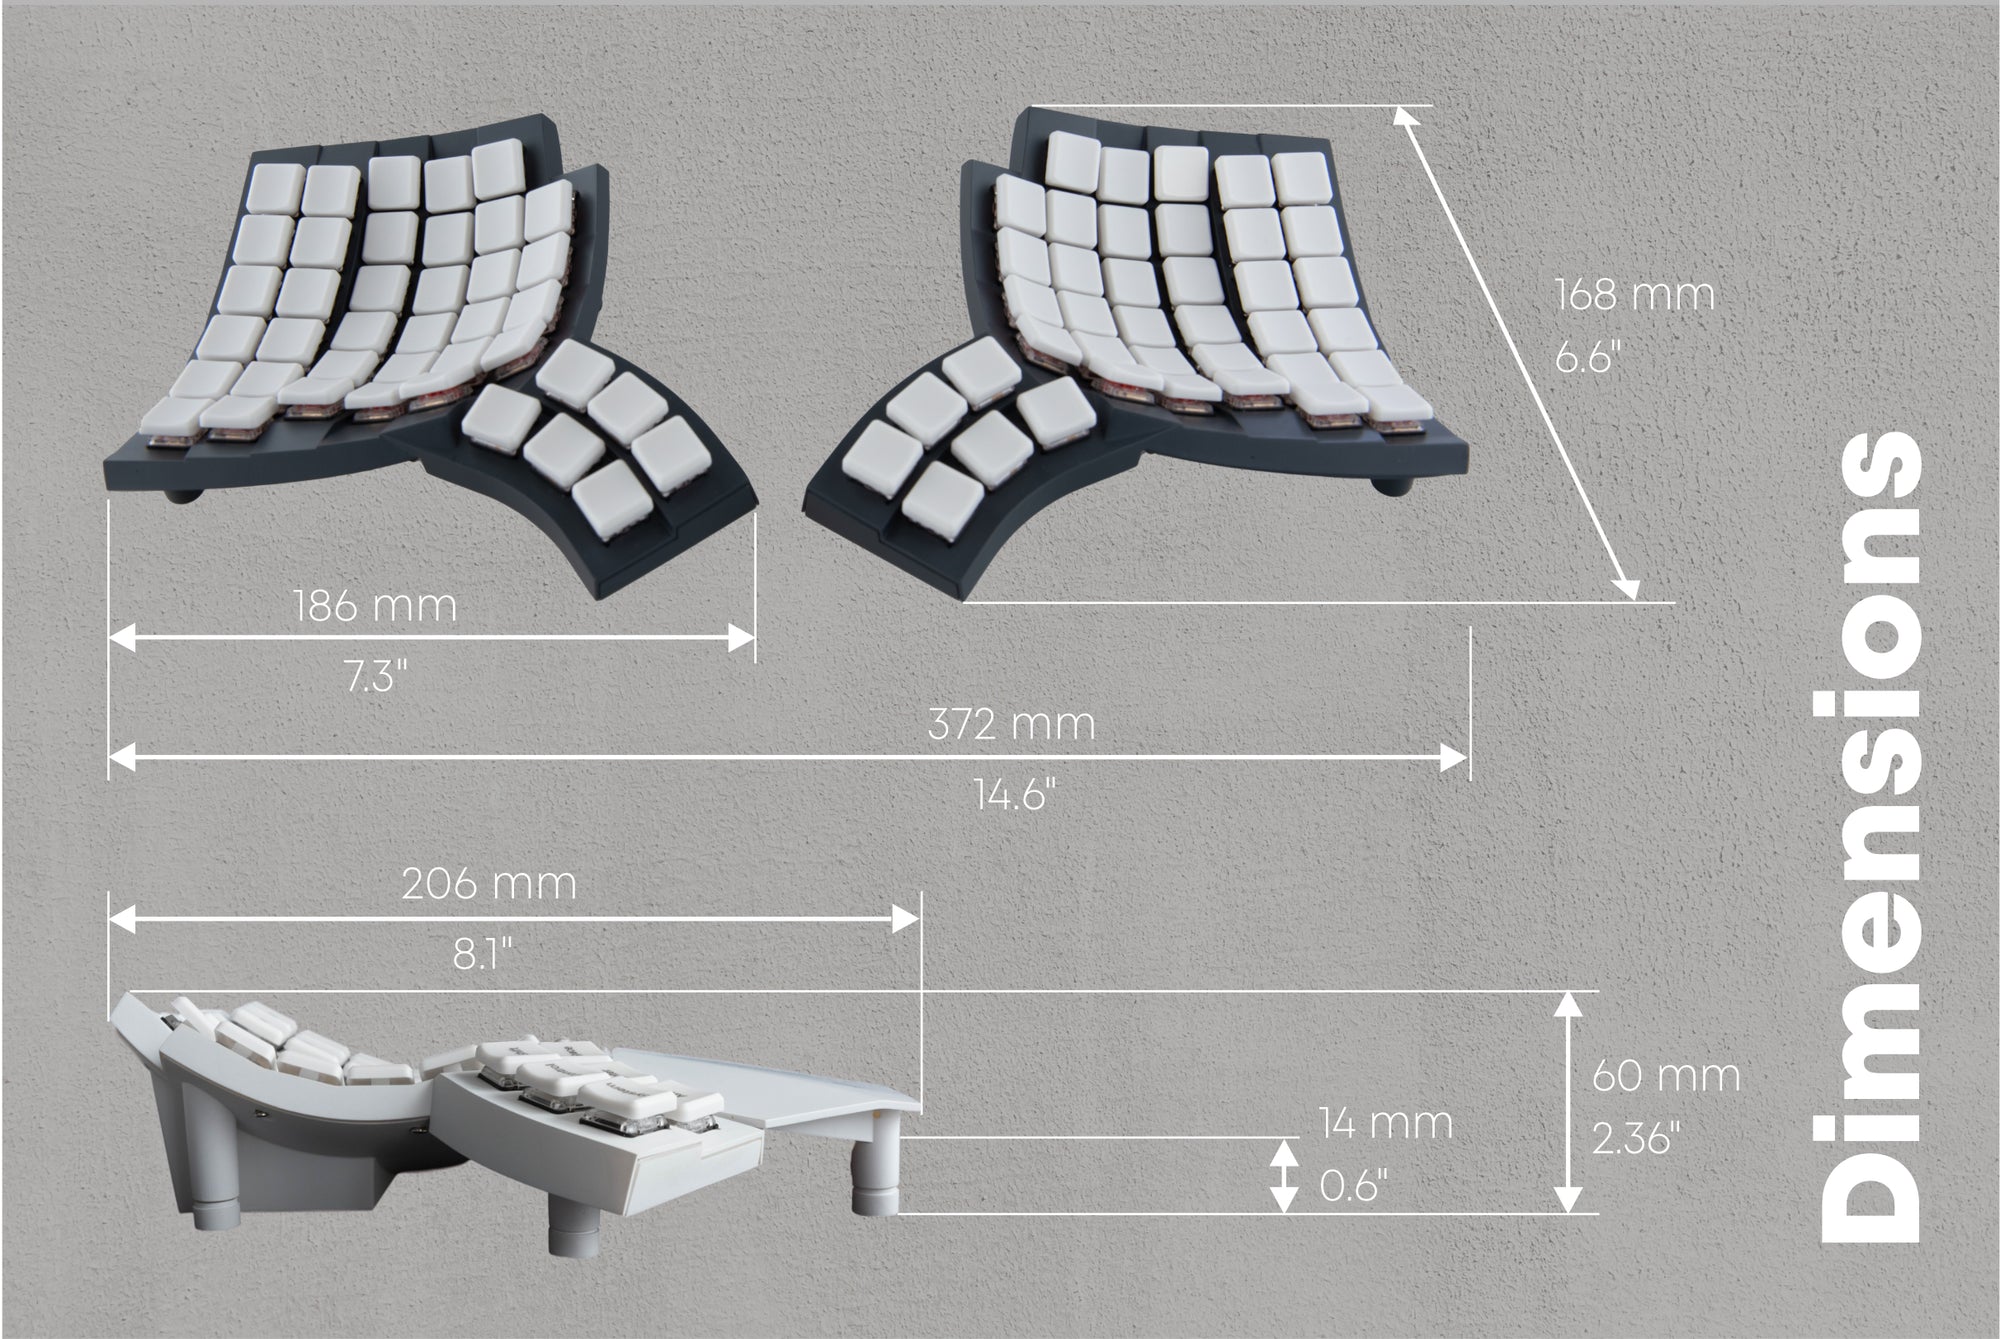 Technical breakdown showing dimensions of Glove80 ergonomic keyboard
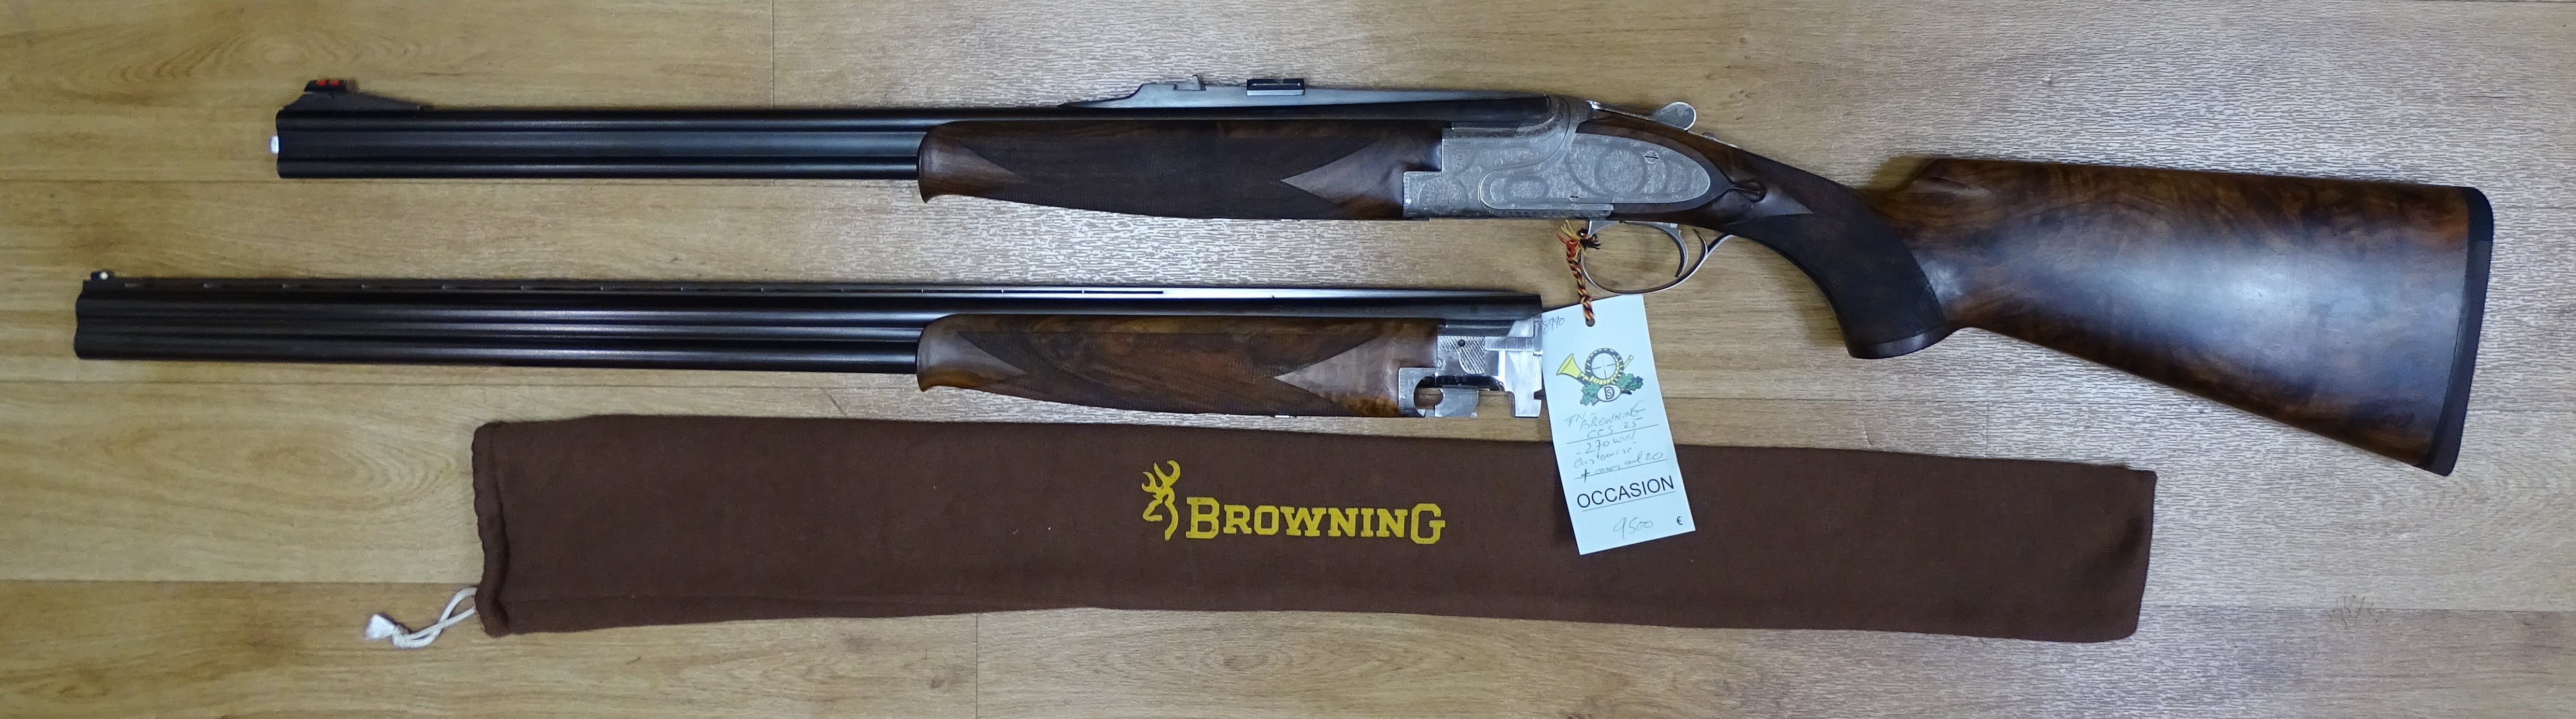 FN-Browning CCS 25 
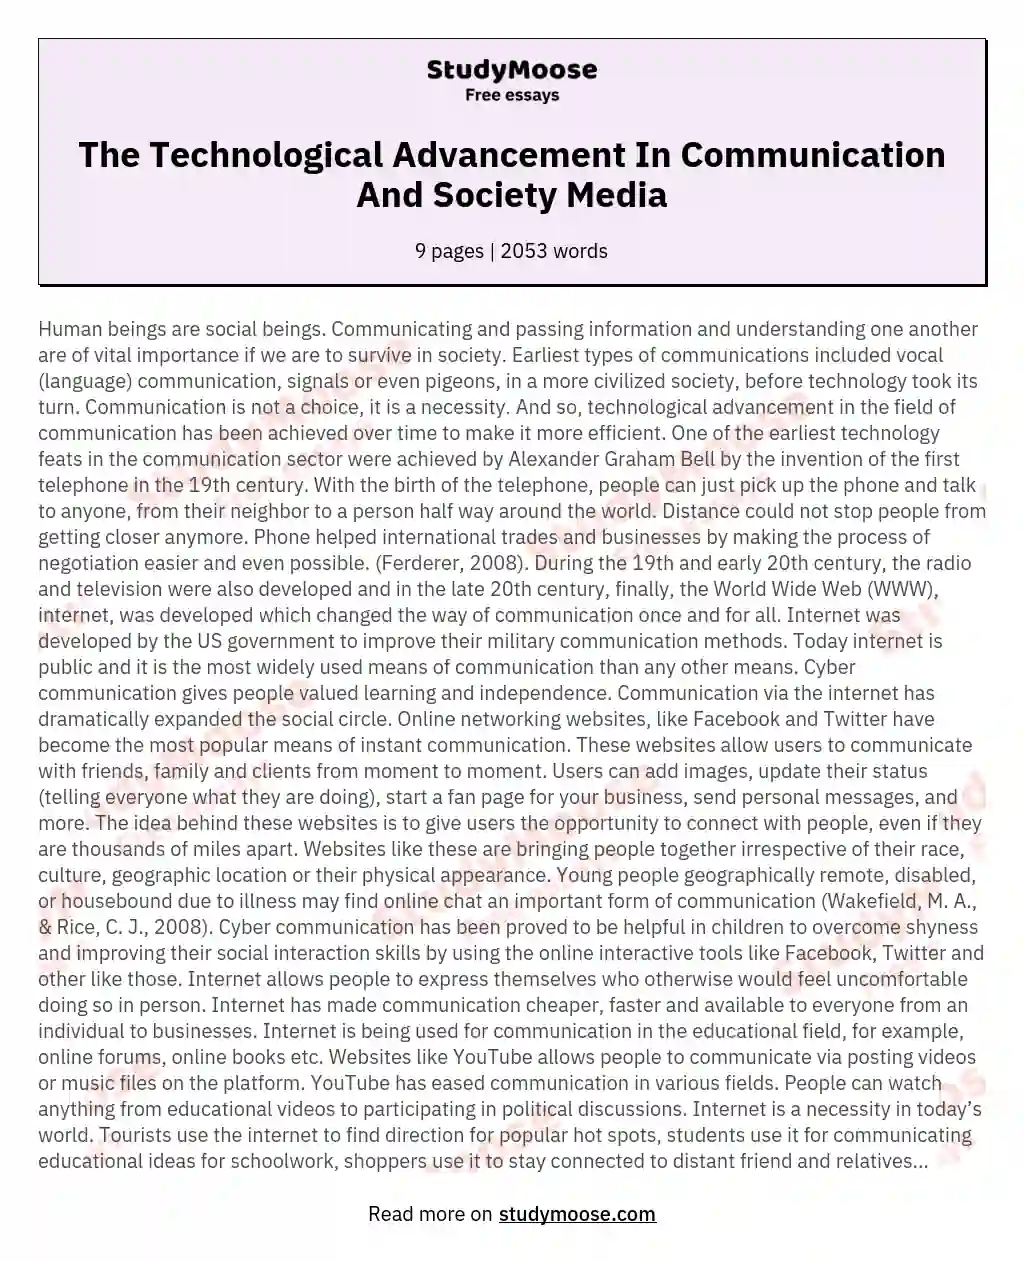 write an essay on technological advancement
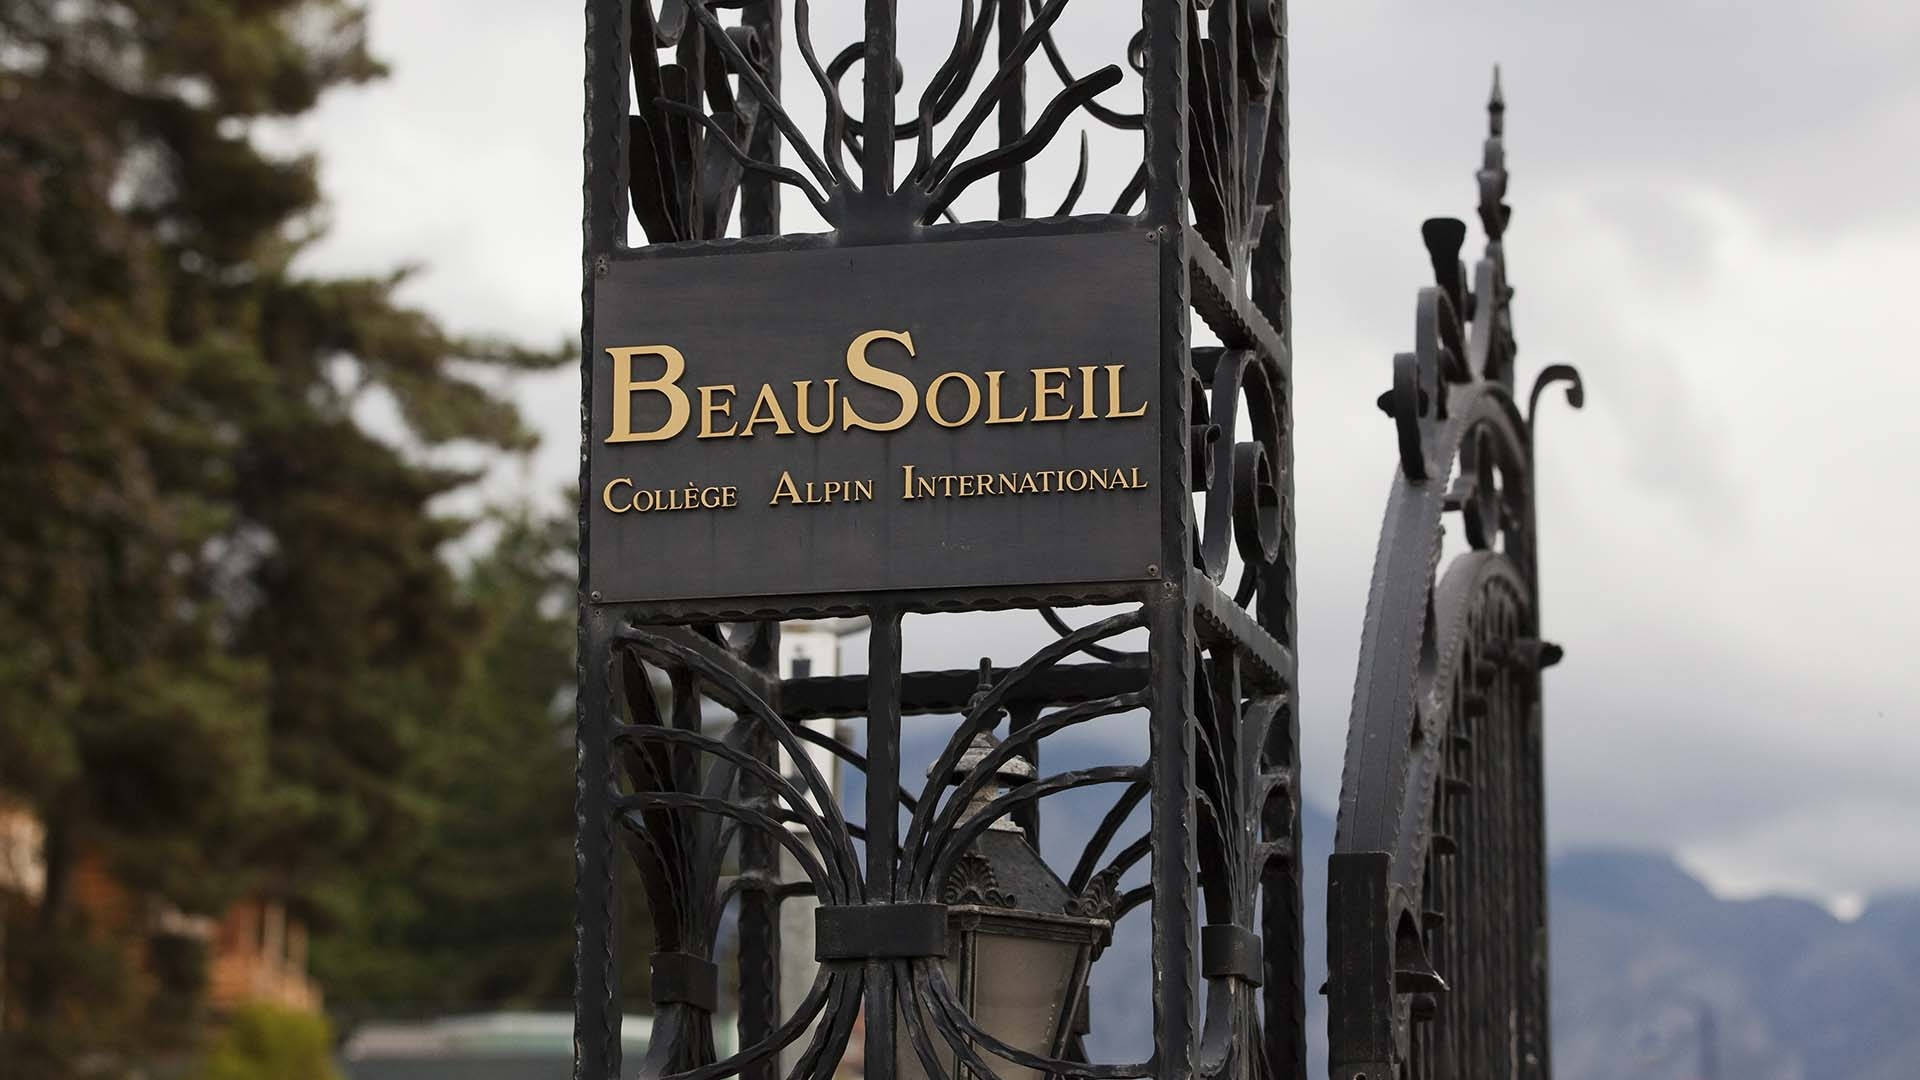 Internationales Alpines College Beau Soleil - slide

* Problem details: Write the lines from the line containing "write an essay on technological advancement" through the last line of the data out again exactly, and only those lines; pictures stay out.

* Answer to this problem:
 write an essay on technological advancement
 Internationales Alpines College Beau Soleil - slide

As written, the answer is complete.